The idea of love widely presented by the internet and the media is not love but egotism, Pope Benedict XVI told young people last week.
Young people, he said, should not adapt themselves “to a love reduced to a commodity to be consumed without respect for oneself or for others, incapable of chastity and purity”, because love as a commodity did not offer freedom.
Pope Benedict XVI spoke to 50,000 children, 30,000 young people and 10,000 educators, answering three questions posed to him by a child, a young person and a teacher respectively. They belonged to Catholic Action, an Italian movement for children, teachers and young people. The ages in St Peter’s Square ranged between four and 18.

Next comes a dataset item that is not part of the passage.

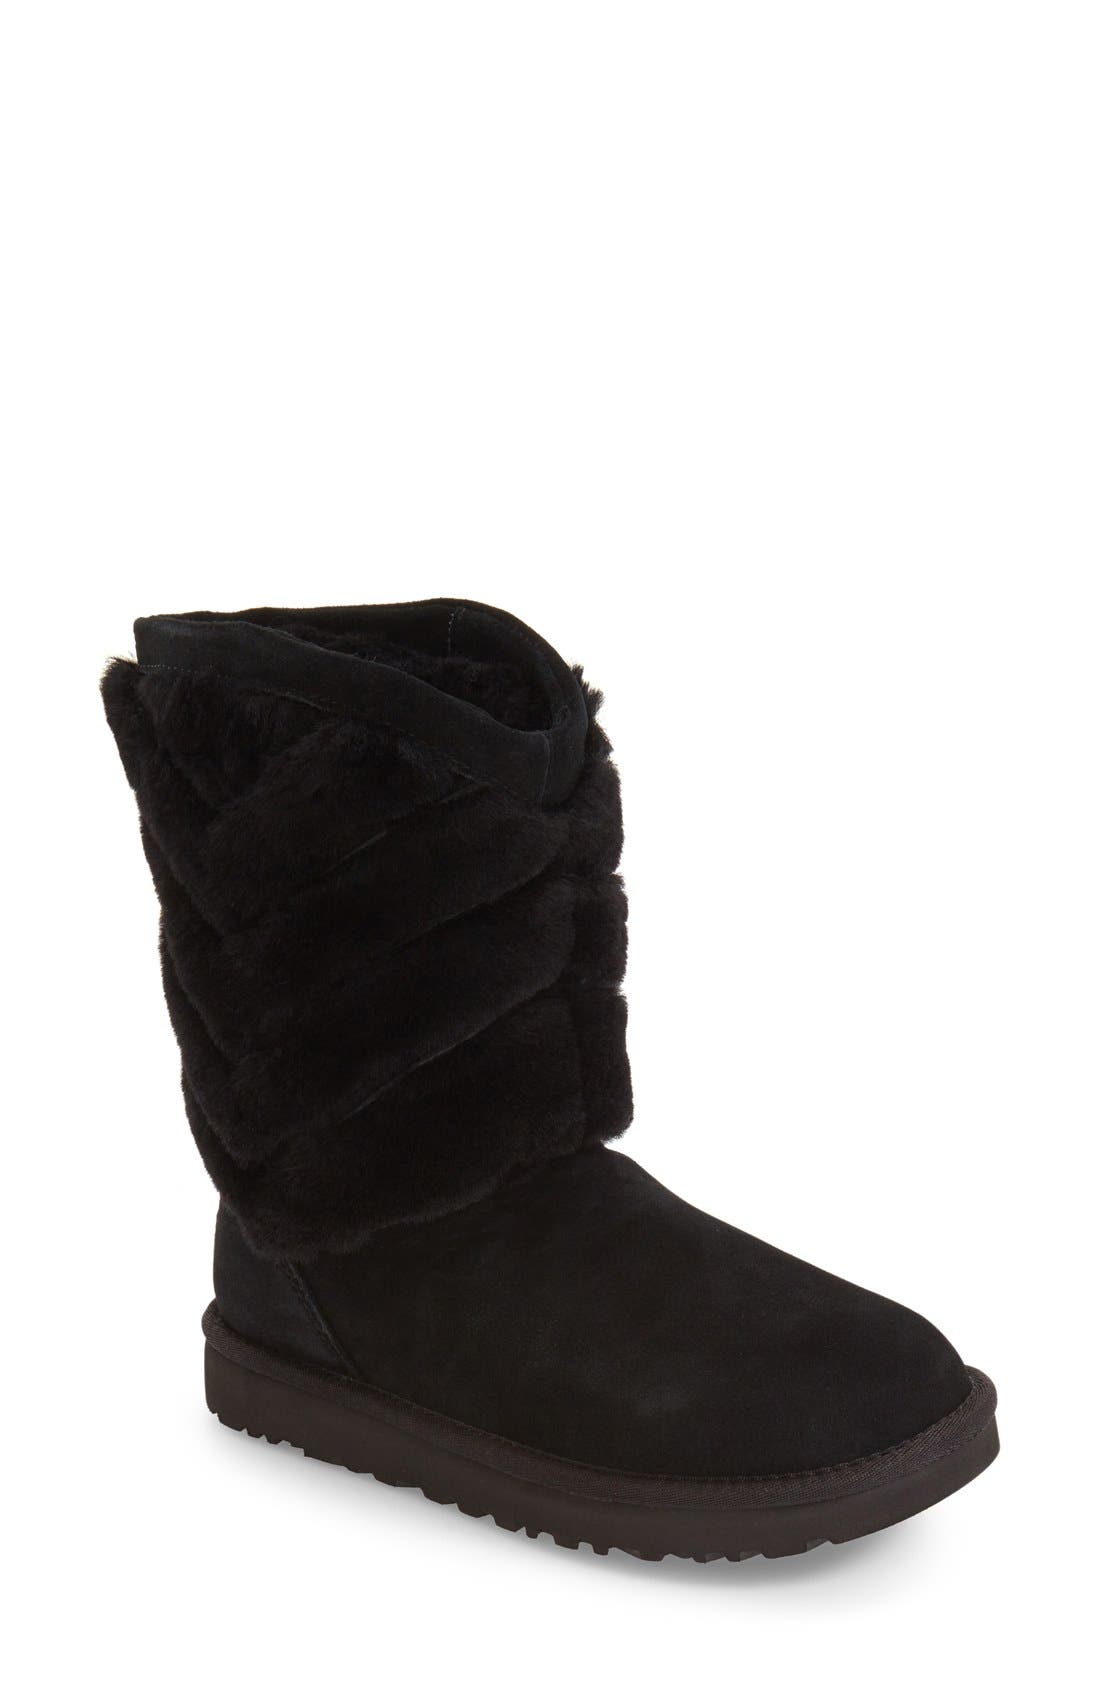 tania ugg boots black

The Pope said: “Much of the ‘love’ that is proposed by the media, on the internet, is not love but egoism, closure; it gives you the illusion of a moment, but it does not make you happy, it does not make you grow up, it binds you like a chain that suffocates more beautiful thoughts and sentiments, the true desires of the heart, that irrepressible power that is love and that has its maximum expression in Jesus and strength and fire in the Holy Spirit, who enflames your lives, your thoughts, your affections.”
To live love in a true way demands sacrifice, the Pope told the children. “Without renunciation,” he said, “one does not find this road – but I am certain that you are not afraid of the toil of a challenging and authentic love”.

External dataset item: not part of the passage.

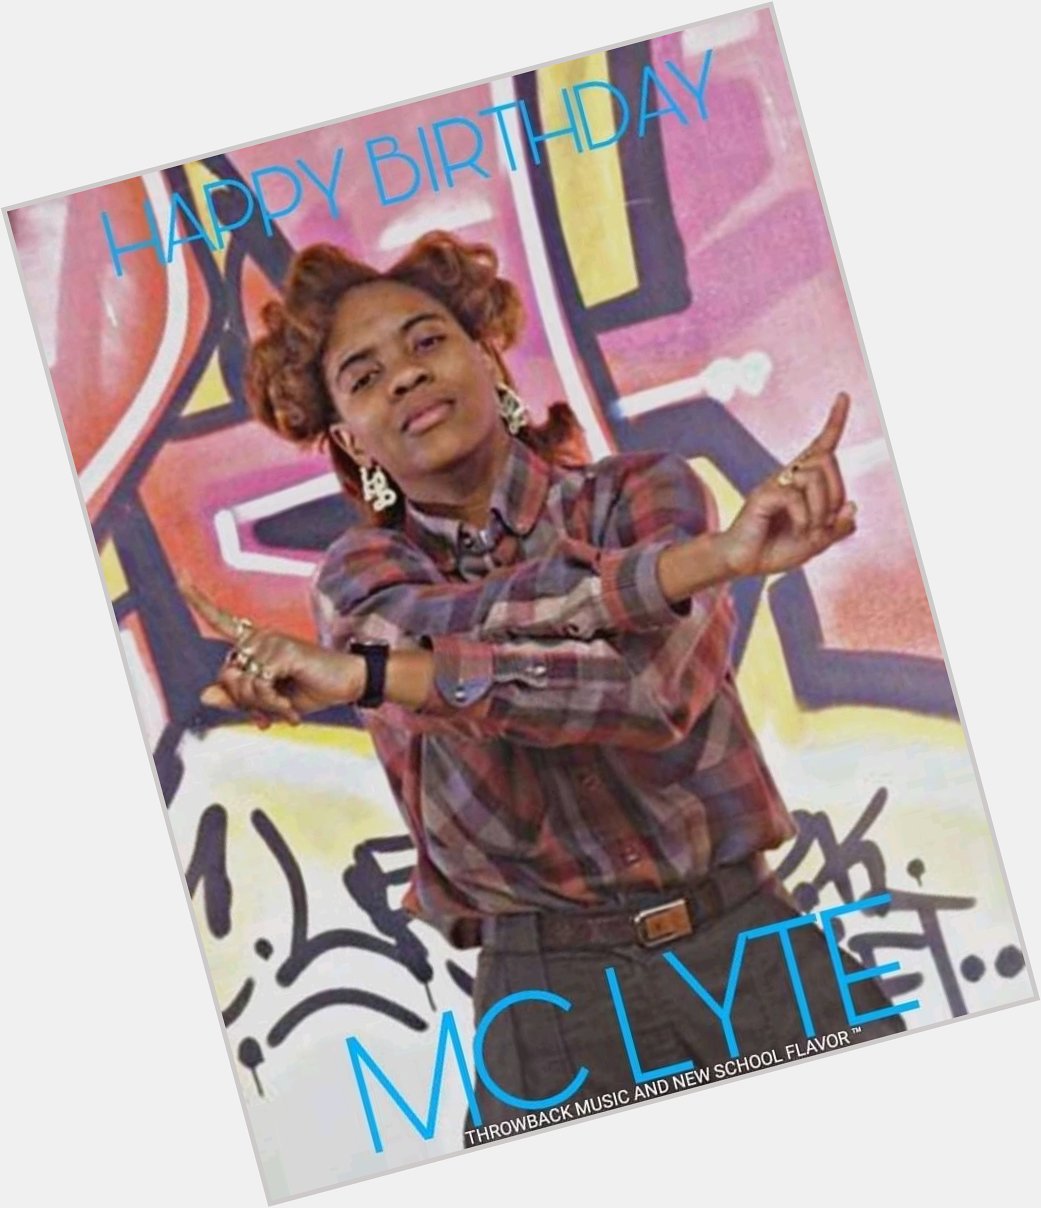 Happy birthday to The legendary Mc lyte

He said: “It is the only kind that, in the final analysis, gives true joy. There is a test that tells you whether your love is growing in a healthy way: if you do not exclude others from your life, above all your friends who are suffering and alone, people in difficulty, and if you open your heart to the great friend Jesus.”
Benedict XVI was answering a young woman who had asked: “But what does it mean to love totally? How can we learn to love truly?”
He said: “You will grow up if you are able to make your life a gift to others, not to seek yourselves, but to give yourselves to others: this is the school of love. This love, however, must bring you into that ‘more’ that today shouts to everyone: ‘There is more!’”
Striking a personal note by referring back to his own adolescence, the Pope said: “As I have already said, I too in my youth wanted something more than what the society and the mentality of the time presented to me. I wanted to breathe pure air.
“Above all I desired a beautiful and good world, like our God, the Father of Jesus, wanted for everyone. And I understood more and more that the world becomes beautiful and good if one knows this will of God and if the world corresponds to this will of God, which is the true light, beauty, love that gives the world meaning.” Increasingly, the Holy Father has been harking back to his childhood and youth in his public speeches. Last month he described feeling constricted in Nazi Germany during his time as a conscript in German military service. He also spoke of his boyhood when he answered a boy who asked: “Your Holiness, what does it mean to grow up? What must I do to grow following Jesus? Who can help me?”
Pope Benedict took up the motto of the Catholic Action:,“There is more”, in his answer to the boy.
He said: “I, when I was a boy of your age, was one of the smallest in my class, and much more did I have the wish to one day be very big; and not only big in terms of the measuring stick, but I wanted to do something big, something more in my life, even if I did not know this saying ‘There is more.’’
“Growing taller implies this ‘There is more’. You are told this by your heart, which wants to have a lot of friends, which is happy when you behave well, when you know how to bring joy to Dad and Mum, but above all when it meets a friend who is incomparable, very good and unique, Jesus.” The Pope addressed himself to teachers last. “I would say that being educators means having a joy in your heart and communicating it to all to make life beautiful and good,” he said.